**Input material**
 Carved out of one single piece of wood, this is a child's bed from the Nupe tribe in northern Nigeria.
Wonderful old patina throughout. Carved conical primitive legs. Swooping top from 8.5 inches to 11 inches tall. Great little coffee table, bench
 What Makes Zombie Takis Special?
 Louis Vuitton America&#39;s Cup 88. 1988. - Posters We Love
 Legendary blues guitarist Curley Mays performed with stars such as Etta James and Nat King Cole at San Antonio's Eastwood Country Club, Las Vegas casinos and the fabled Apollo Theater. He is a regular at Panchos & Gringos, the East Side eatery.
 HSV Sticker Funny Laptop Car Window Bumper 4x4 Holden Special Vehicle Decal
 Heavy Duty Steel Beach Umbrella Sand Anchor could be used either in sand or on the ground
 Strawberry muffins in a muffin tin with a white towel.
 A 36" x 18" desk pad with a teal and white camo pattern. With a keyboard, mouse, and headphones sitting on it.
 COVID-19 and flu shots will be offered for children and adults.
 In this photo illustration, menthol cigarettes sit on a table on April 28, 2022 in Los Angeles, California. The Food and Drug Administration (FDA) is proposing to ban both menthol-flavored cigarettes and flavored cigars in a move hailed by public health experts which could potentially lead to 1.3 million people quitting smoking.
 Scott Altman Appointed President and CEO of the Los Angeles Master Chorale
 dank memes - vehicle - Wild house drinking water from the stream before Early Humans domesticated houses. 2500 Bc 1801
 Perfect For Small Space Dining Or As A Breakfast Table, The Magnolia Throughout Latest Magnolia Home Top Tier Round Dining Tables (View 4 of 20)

**Work instruction**
Please retype the entries above in full, exactly as they stand.

**Expected answer**
 Carved out of one single piece of wood, this is a child's bed from the Nupe tribe in northern Nigeria.
Wonderful old patina throughout. Carved conical primitive legs. Swooping top from 8.5 inches to 11 inches tall. Great little coffee table, bench
 What Makes Zombie Takis Special?
 Louis Vuitton America&#39;s Cup 88. 1988. - Posters We Love
 Legendary blues guitarist Curley Mays performed with stars such as Etta James and Nat King Cole at San Antonio's Eastwood Country Club, Las Vegas casinos and the fabled Apollo Theater. He is a regular at Panchos & Gringos, the East Side eatery.
 HSV Sticker Funny Laptop Car Window Bumper 4x4 Holden Special Vehicle Decal
 Heavy Duty Steel Beach Umbrella Sand Anchor could be used either in sand or on the ground
 Strawberry muffins in a muffin tin with a white towel.
 A 36" x 18" desk pad with a teal and white camo pattern. With a keyboard, mouse, and headphones sitting on it.
 COVID-19 and flu shots will be offered for children and adults.
 In this photo illustration, menthol cigarettes sit on a table on April 28, 2022 in Los Angeles, California. The Food and Drug Administration (FDA) is proposing to ban both menthol-flavored cigarettes and flavored cigars in a move hailed by public health experts which could potentially lead to 1.3 million people quitting smoking.
 Scott Altman Appointed President and CEO of the Los Angeles Master Chorale
 dank memes - vehicle - Wild house drinking water from the stream before Early Humans domesticated houses. 2500 Bc 1801
 Perfect For Small Space Dining Or As A Breakfast Table, The Magnolia Throughout Latest Magnolia Home Top Tier Round Dining Tables (View 4 of 20)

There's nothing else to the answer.